А у нас во дворе
Шрифт:
Как ни парадоксально, но именно в пору высокой воды оказываешься на мели, на нуле, на голодном пайке, запасы витальности оскудевают, и наступает авитаминоз, дефицит вещества, от которого зависит следующий шаг, кон, виток спирали. И неоткуда ждать помощи. Ищи недостающие элементы сам, как собака свою травку. Но, чтобы искать, нужен тонус. А откуда ему взяться при авитаминозе? Проблемы, проблемы, но проблема одна. Имя ей — Я. То самое Я, которое заставляет художника метить своим именем холст, а поэта — лист бумаги, как будто взывая: «Вот я, Господи. Весь как на ладони.
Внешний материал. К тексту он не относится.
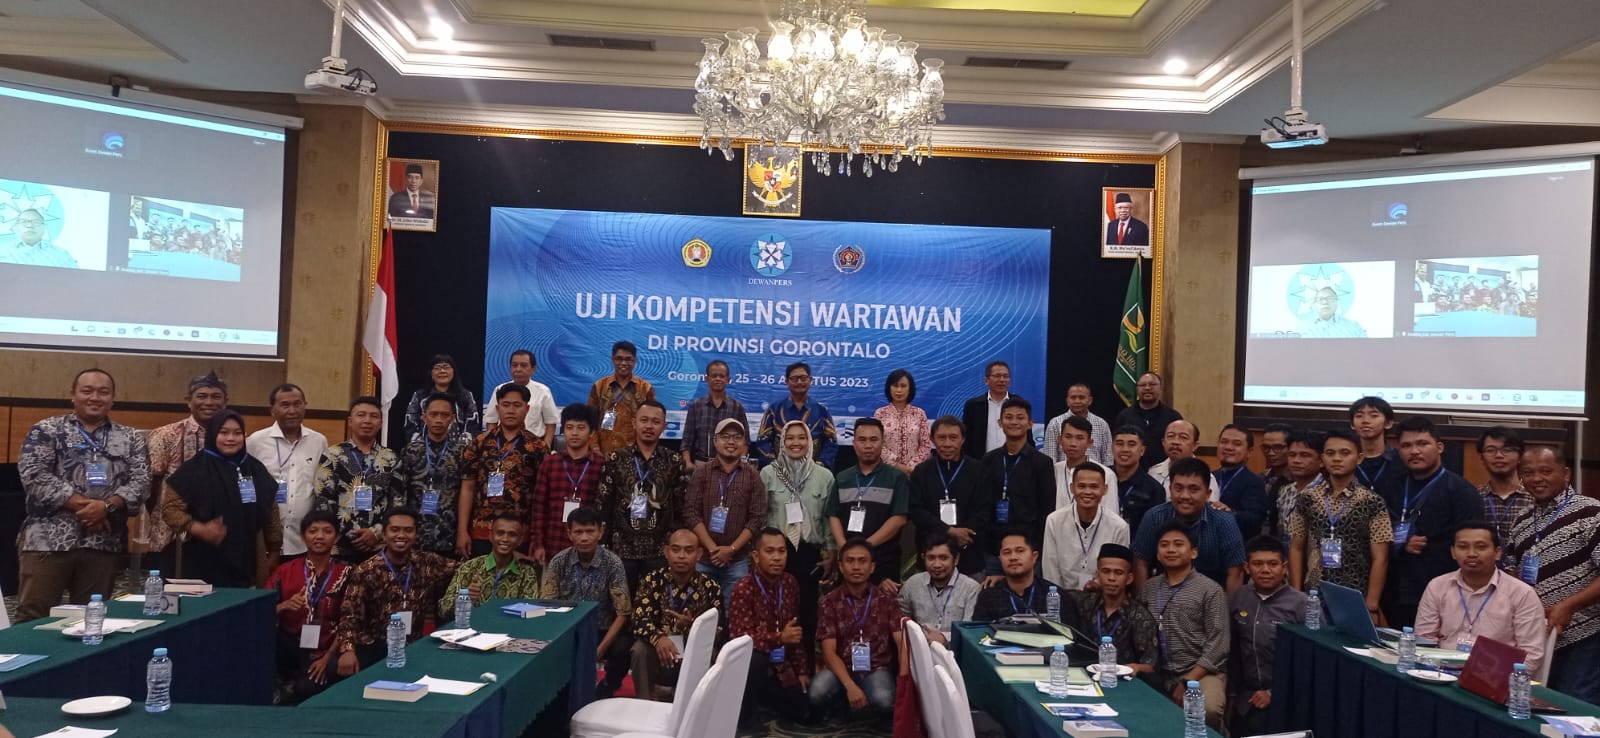 Ketua Umum PJS : Anggota se-Indonesia Wajib Mewujudkan Visi PJS

Нет у меня тайн от Тебя, и нет сил творить анонимно, подобно средневековым мастерам. То ли гордыня мешает, то ли столь необорима потребность в суде Твоем, в защите Твоей». Я — странное существо, вечно чего-то требующее для себя и вечно стремящееся от себя освободиться, облегчить душу, выговориться, сбросить часть своей ноши, остаться налегке,
Весна — это страсти, завершающиеся испусканием духа и воскресением. Это точка, откуда просматривается земля обетованная, вход в которую нам заказан. Да это и к лучшему. Стоит на ней осесть, как она исчезает. Всякая оседлость лишает свободы. Едва остановишься, облепят мелкие заботы, как кровососы на привале. Прийти нельзя, можно только идти. Идти, обмахиваясь зеленой веточкой, похожей на ту, что когда-то давным-давно стояла на моем столе в стеклянной банке. Была весна. По радио звучал фортепианный концерт Рахманинова. Окна были распахнуты. До экзамена оставался день. Я смотрела в книгу и видела гортань в разрезе, твердое и мягкое небо, язычок и прочие детали, необходимые для произнесения звуков. Но фонетика жила своей жизнью, а я своей. И моя была полна весенних запахов и грез, рахманиновских разливов и раскатов и залетающего в окна тополиного пуха.
Музыка. Musica
Слово «м'yка» целиком помещается в слове «музыка». И не случайно. Музыка и мука — две вещи нераздельные. Разве не мука слышать внутри себя мелодию и не уметь ее воспроизвести, потому что тебе не подчиняется твой аппарат — пальцы и голосовые связки? Именно так обстояли у меня дела в музыкальной школе, где за семь лет учебы я по-настоящему «преуспела» лишь в одном: в виртуозном «заигрывании» любого произведения.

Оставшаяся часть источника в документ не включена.